RAW DATA
== Segment start ==

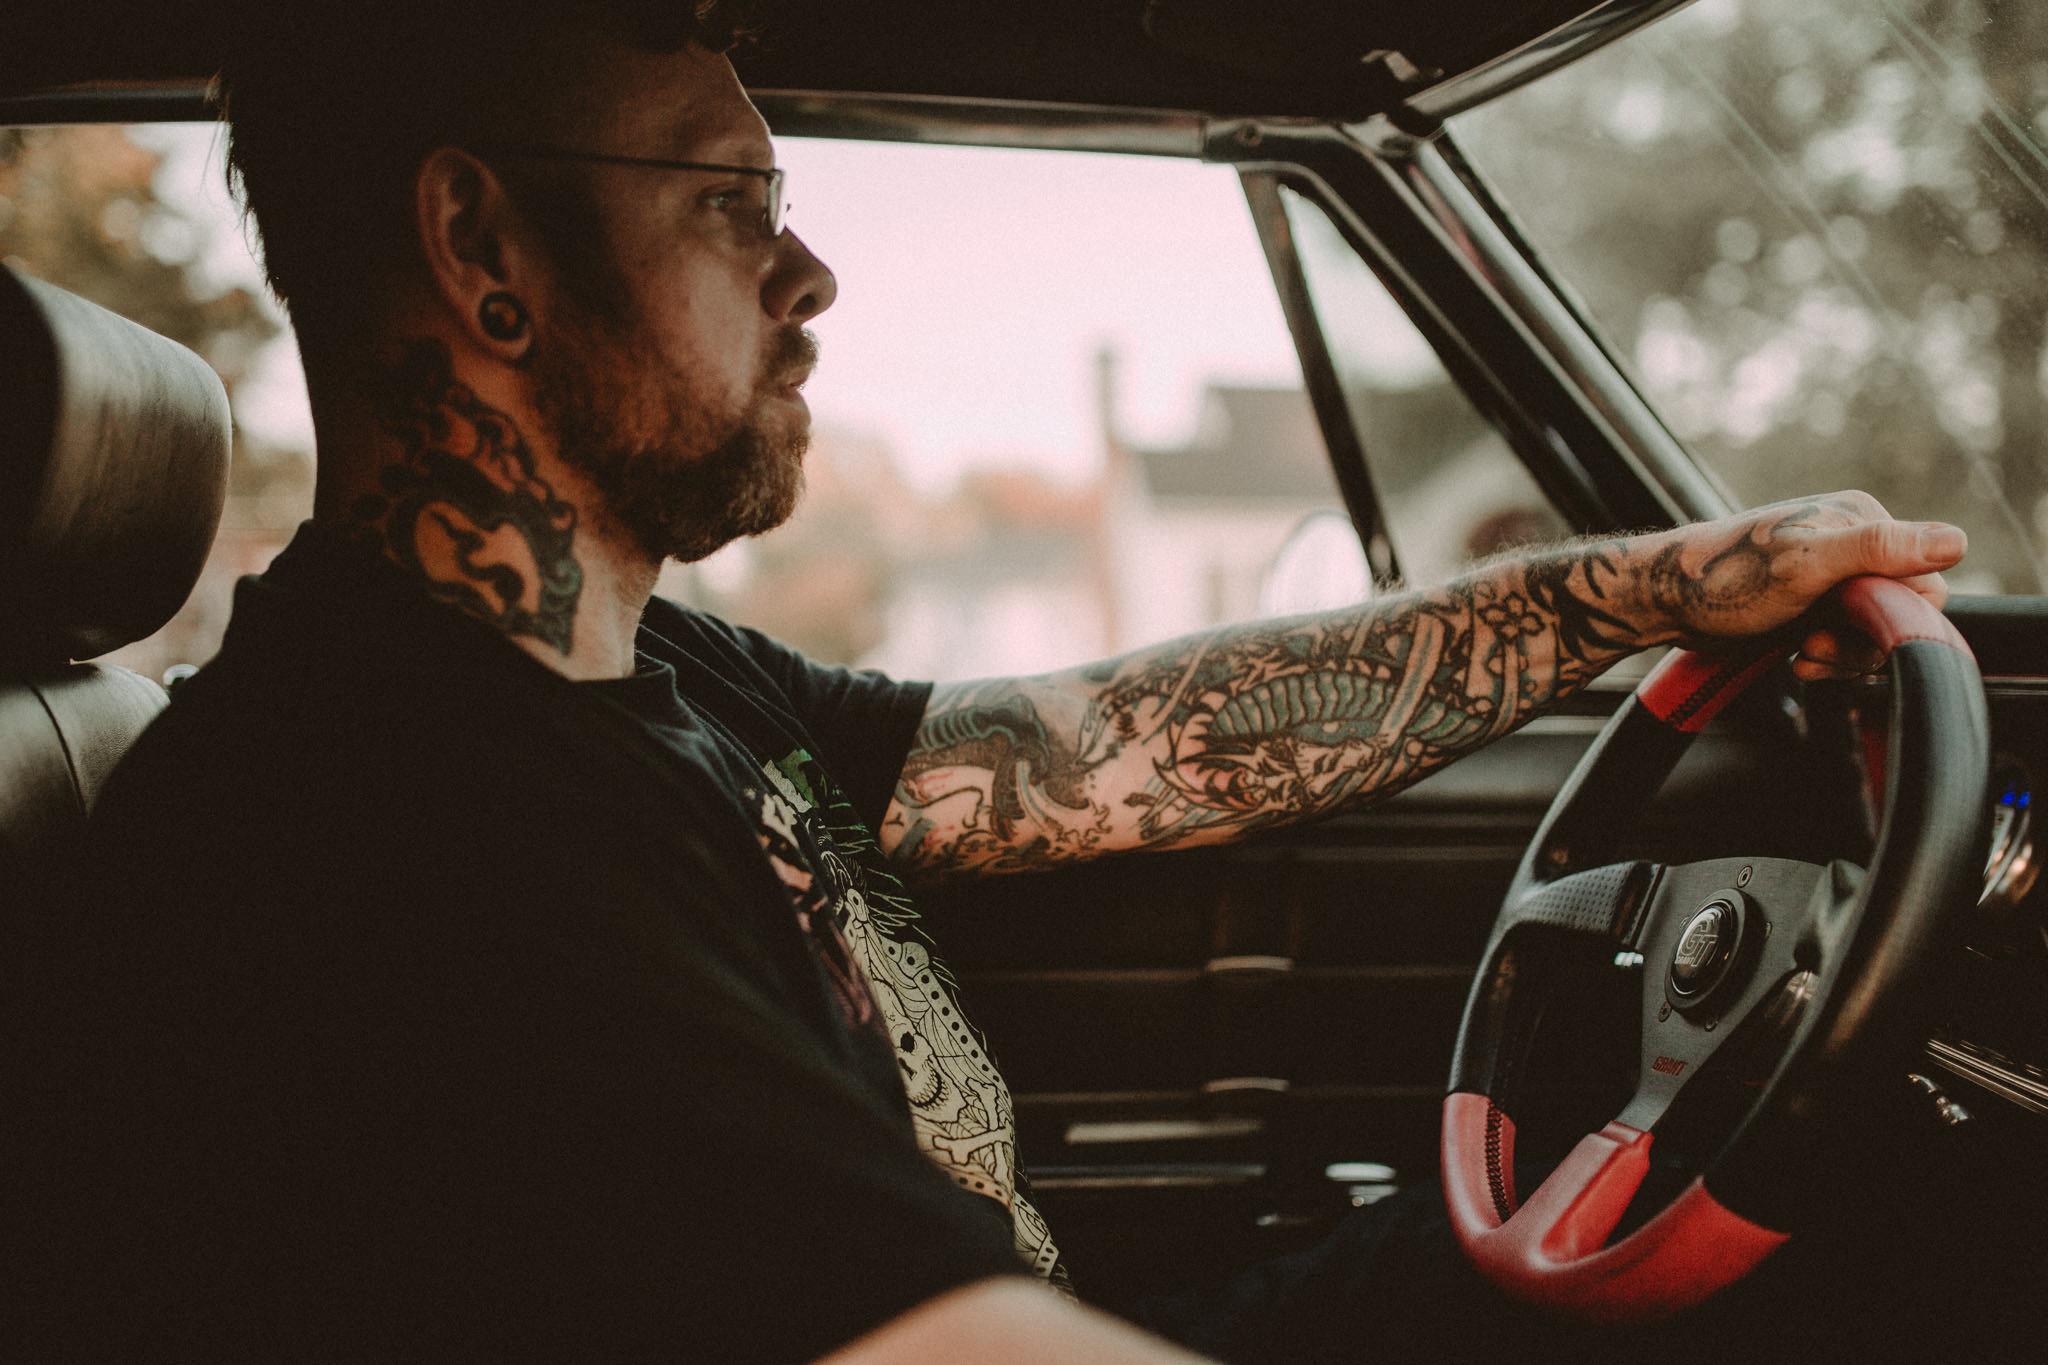 6-Hour Tattoo Session
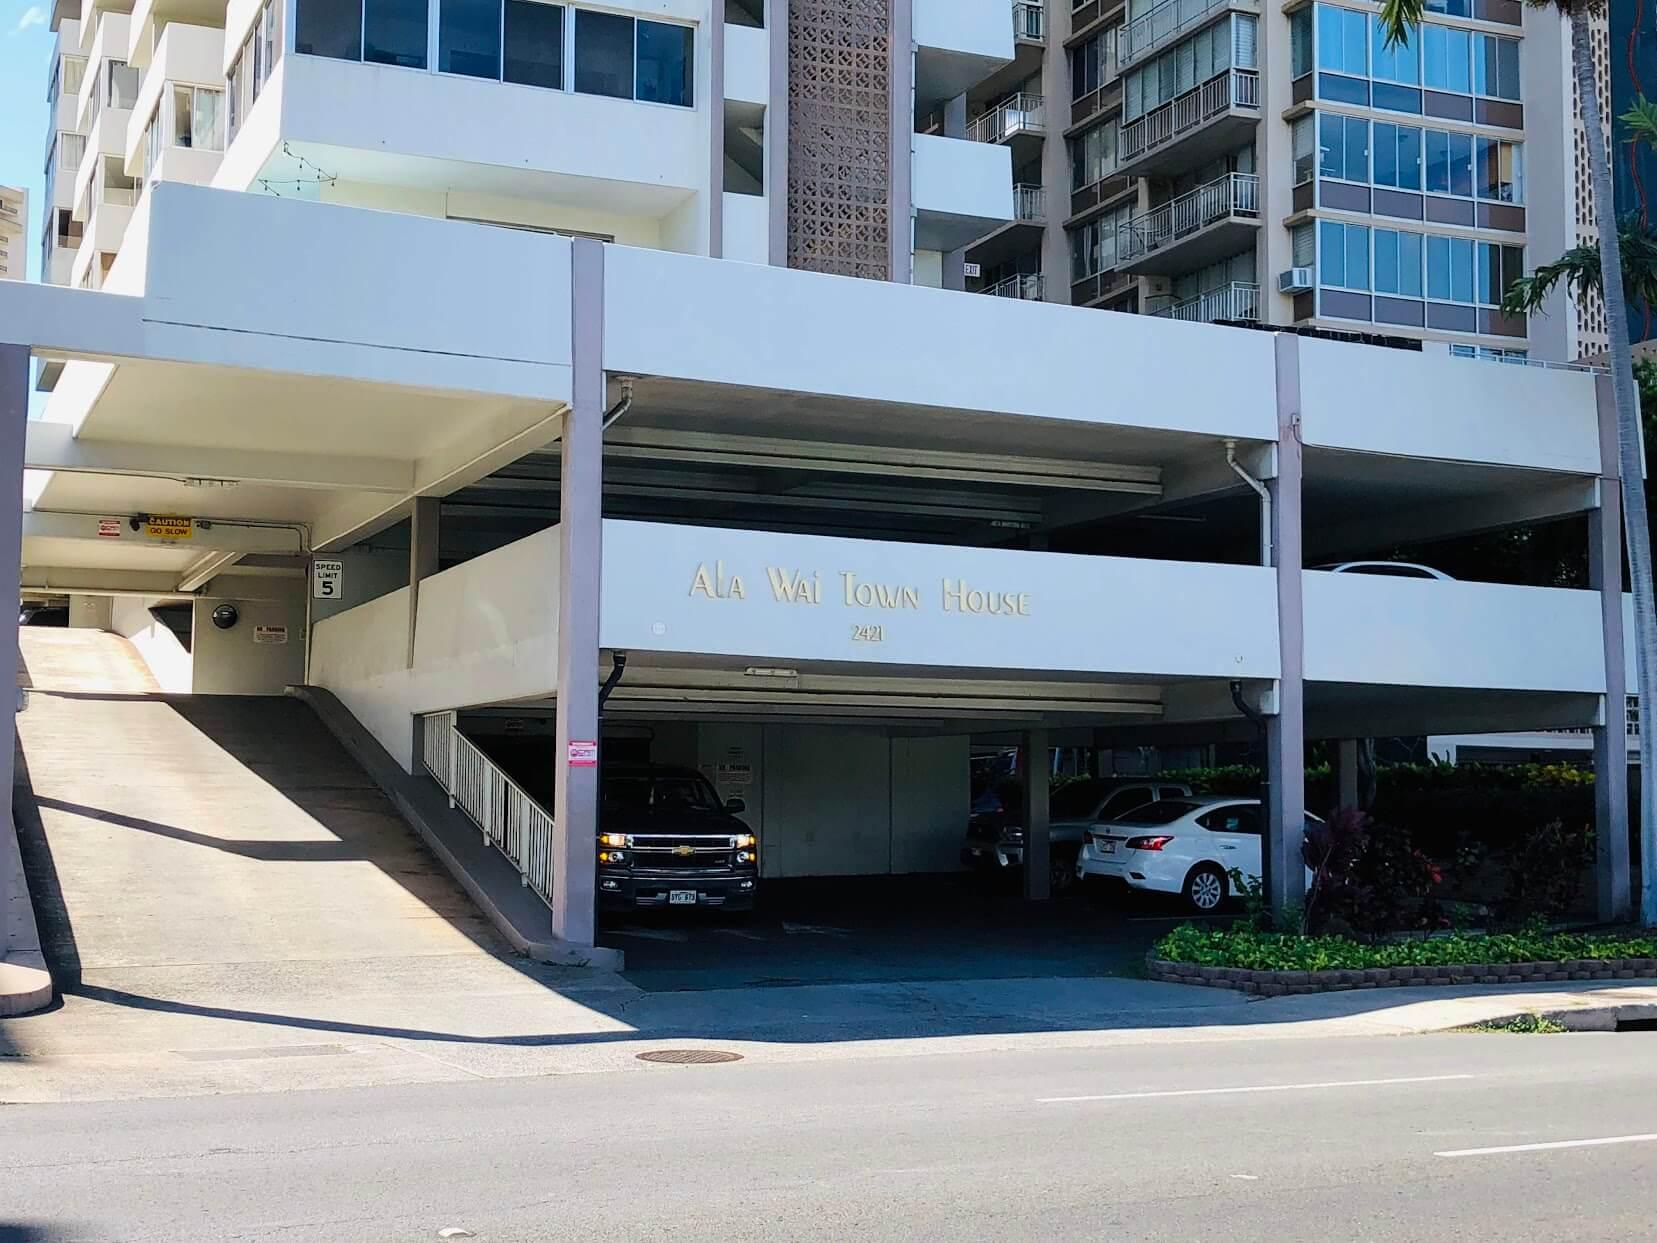 Ala Wai Town Houseの駐車場
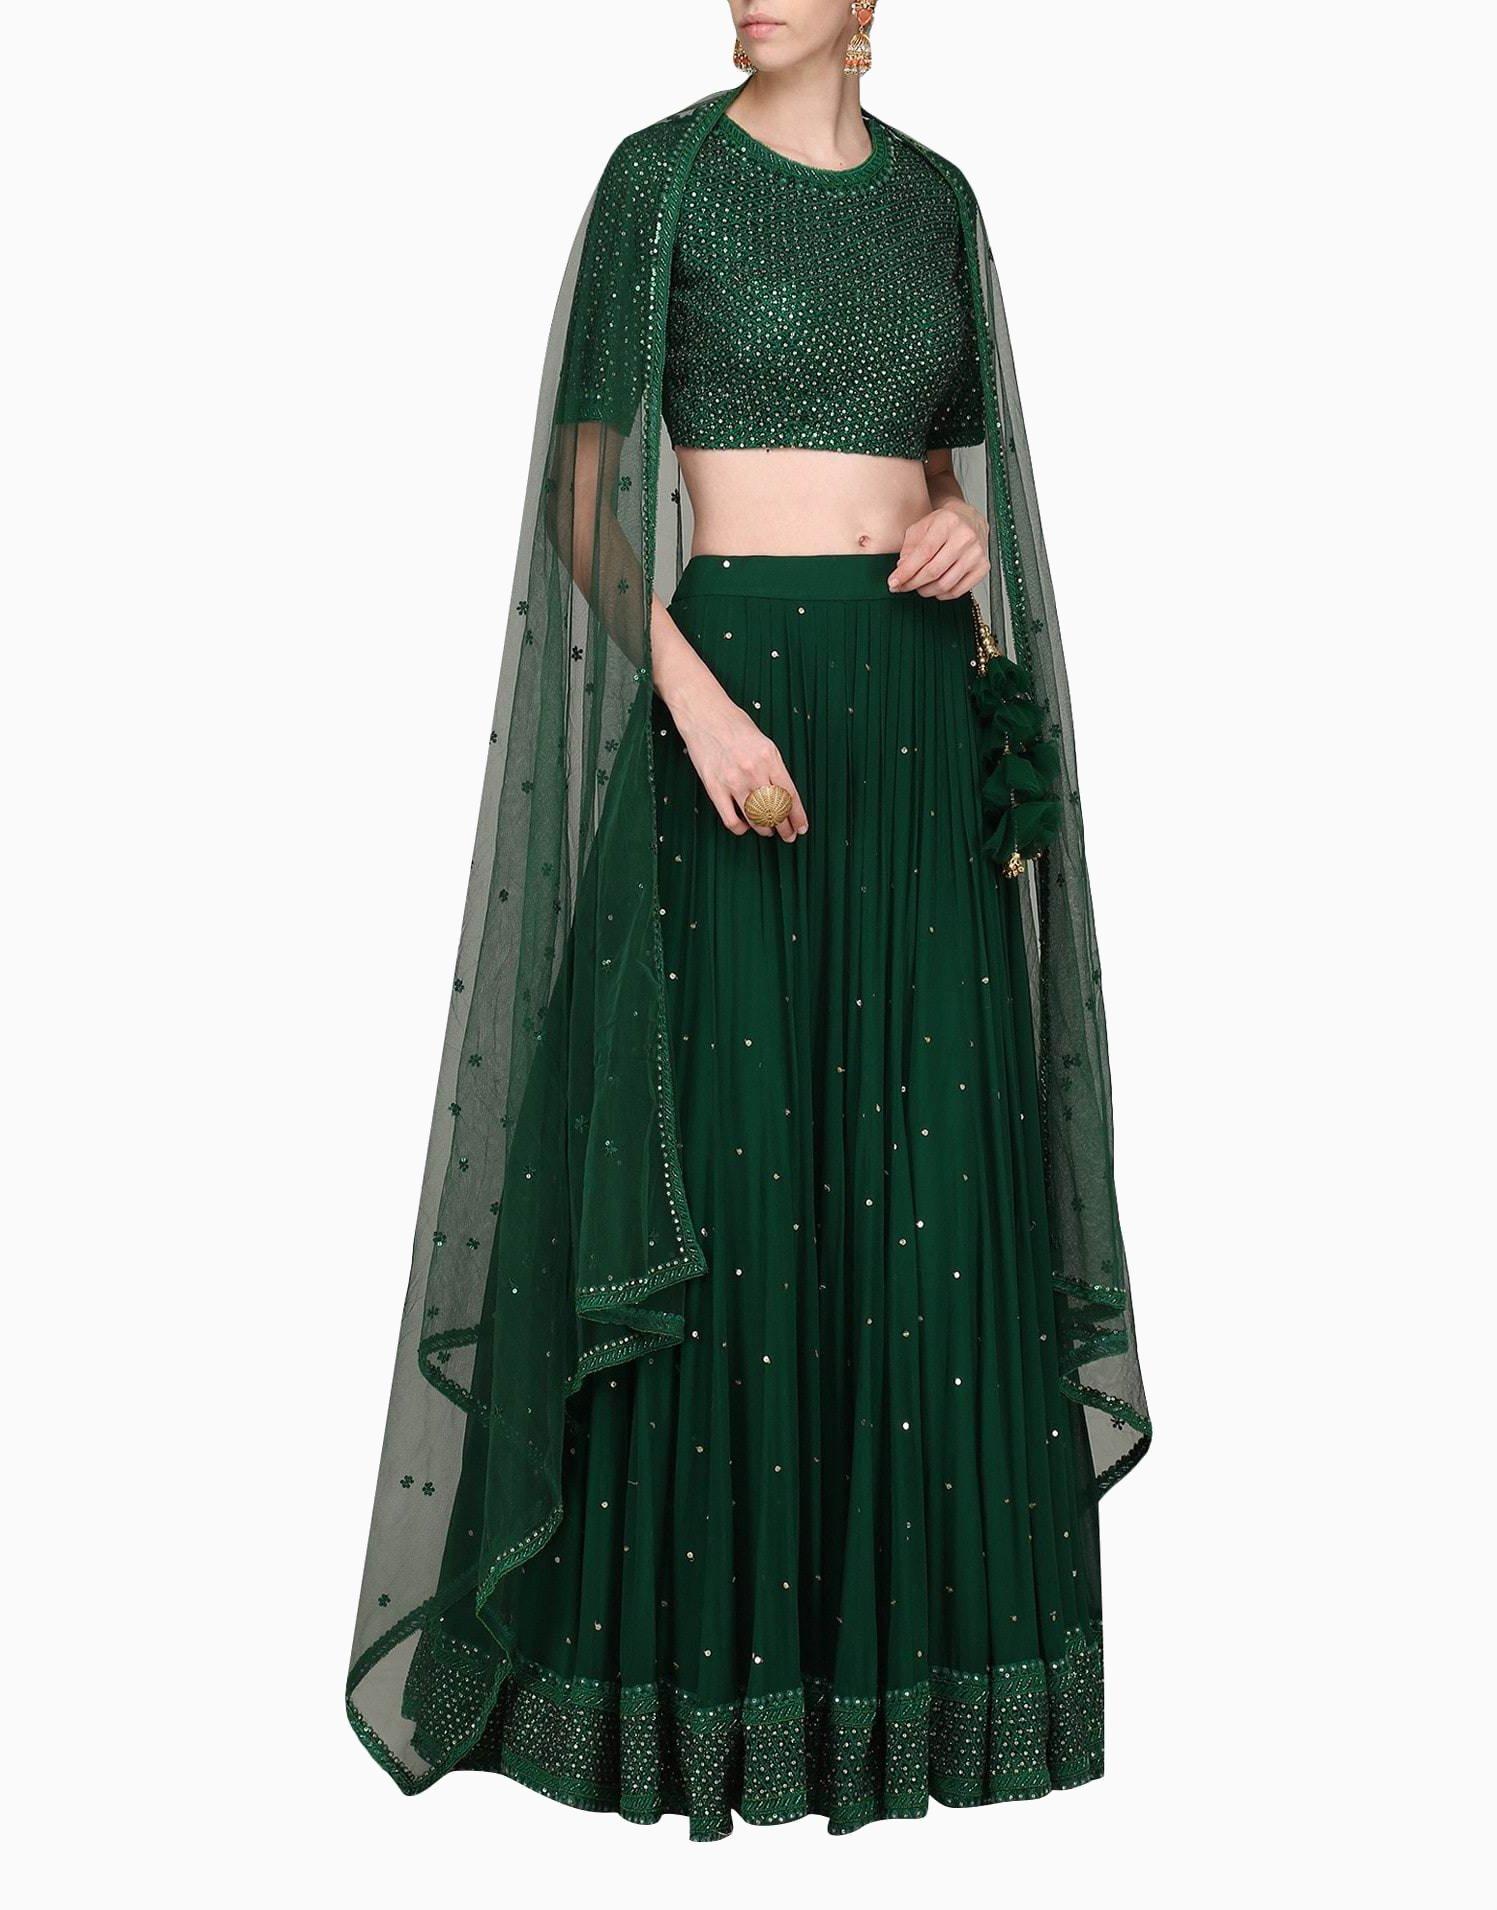 a8686618b6 Dark Green Lehenga Set With Dupatta in 2019   Products   Green ...

== Segment end ==

DIRECTIONS FOR THIS TASK
Retype all of the data above word for word, excluding the pictures.

REPLY
 6-Hour Tattoo Session
 Ala Wai Town Houseの駐車場
 a8686618b6 Dark Green Lehenga Set With Dupatta in 2019   Products   Green ...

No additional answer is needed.